乙酰赖氨酸阅读器BRD3R促进人类细胞核重编程并调节有丝分裂。

The acetyllysine reader BRD3R promotes human nuclear reprogramming and regulates mitosis.

作者信息

Shao Zhicheng, Zhang Ruowen, Khodadadi-Jamayran Alireza, Chen Bo, Crowley Michael R, Festok Muhamad A, Crossman David K, Townes Tim M, Hu Kejin

机构信息

Stem Cell Institute, Department of Biochemistry and Molecular Genetics, University of Alabama at Birmingham, Birmingham, Alabama 35294-0024, USA.

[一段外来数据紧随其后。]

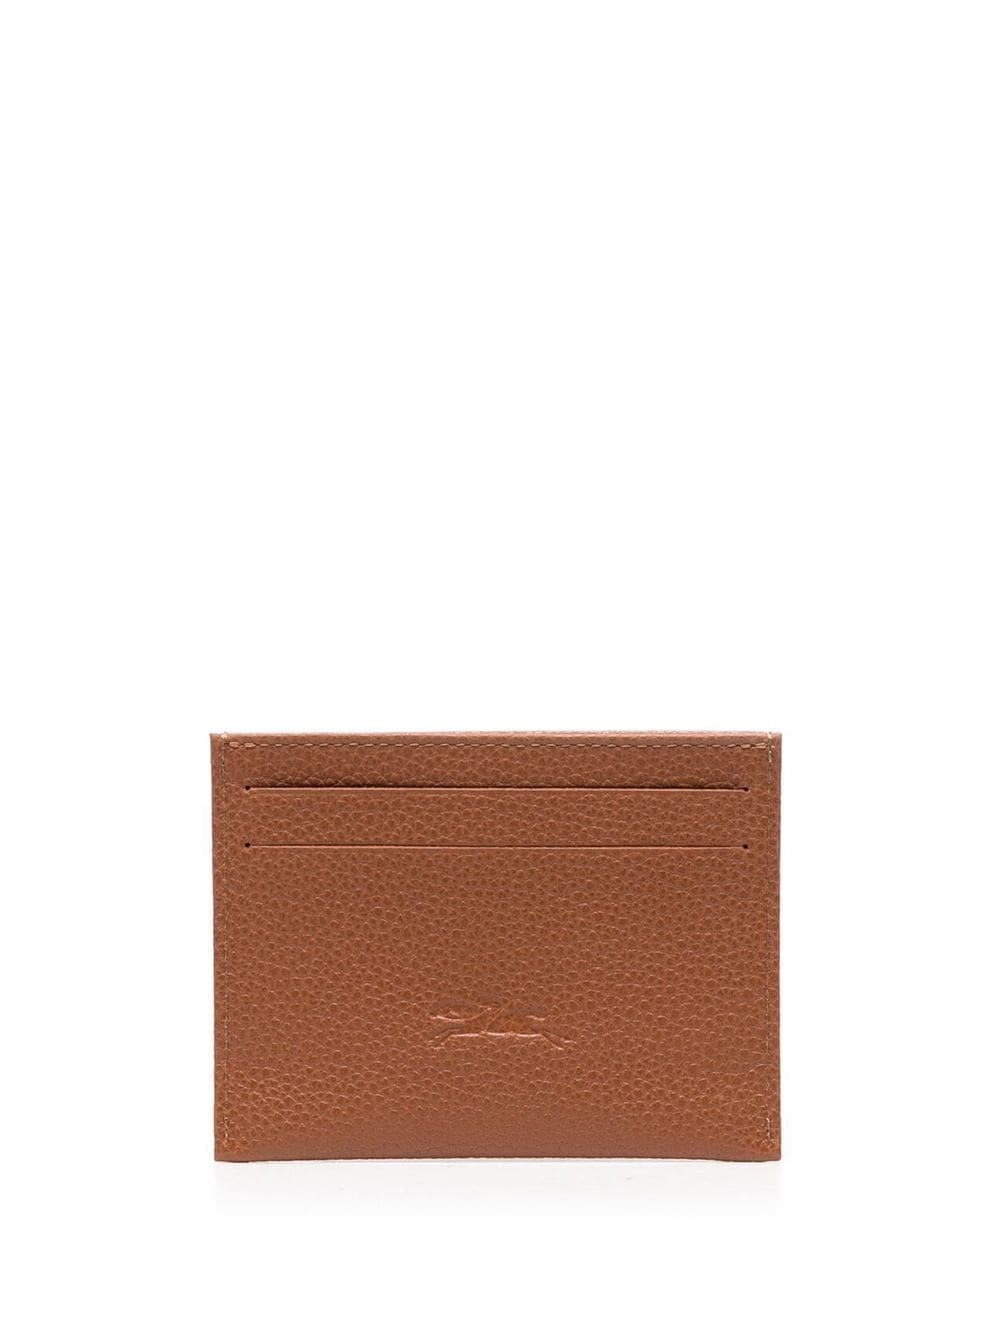 Le Foulonné leather cardholder - 2

Department of Genetics, Howell and Elizabeth Heflin Center for Genomic Science, University of Alabama at Birmingham, Birmingham, Alabama 35294-0024, USA.

出版信息

Nat Commun. 2016 Mar 7;7:10869. doi: 10.1038/ncomms10869.

DOI:10.1038/ncomms10869

PMID:26947130

原文链接:https://pmc.ncbi.nlm.nih.gov/articles/PMC4786677/

Abstract

It is well known that both recipient cells and donor nuclei demonstrate a mitotic advantage as observed in the traditional reprogramming with somatic cell nuclear transfer (SCNT). However, it is not known whether a specific mitotic factor plays a critical role in reprogramming. Here we identify an isoform of human bromodomain-containing 3 (BRD3), BRD3R (BRD3 with Reprogramming activity), as a reprogramming factor. BRD3R positively regulates mitosis during reprogramming, upregulates a large set of mitotic genes at early stages of reprogramming, and associates with mitotic chromatin. Interestingly, a set of the mitotic genes upregulated by BRD3R constitutes a pluripotent molecular signature. The two BRD3 isoforms display differential binding to acetylated histones. Our results suggest a molecular interpretation for the mitotic advantage in reprogramming and show that mitosis may be a driving force of reprogramming.

摘要

众所周知，在传统的体细胞核移植（SCNT）重编程过程中，受体细胞和供体细胞核均表现出有丝分裂优势。然而，尚不清楚是否有特定的有丝分裂因子在重编程中起关键作用。在此，我们鉴定出人类含溴结构域蛋白3（BRD3）的一种异构体BRD3R（具有重编程活性的BRD3）作为一种重编程因子。BRD3R在重编程过程中正向调节有丝分裂，在重编程早期上调大量有丝分裂基因，并与有丝分裂染色质相关联。有趣的是，由BRD3R上调的一组有丝分裂基因构成了多能性分子特征。这两种BRD3异构体对乙酰化组蛋白表现出不同的结合。我们的结果为重编程中的有丝分裂优势提供了一种分子解释，并表明有丝分裂可能是重编程的驱动力。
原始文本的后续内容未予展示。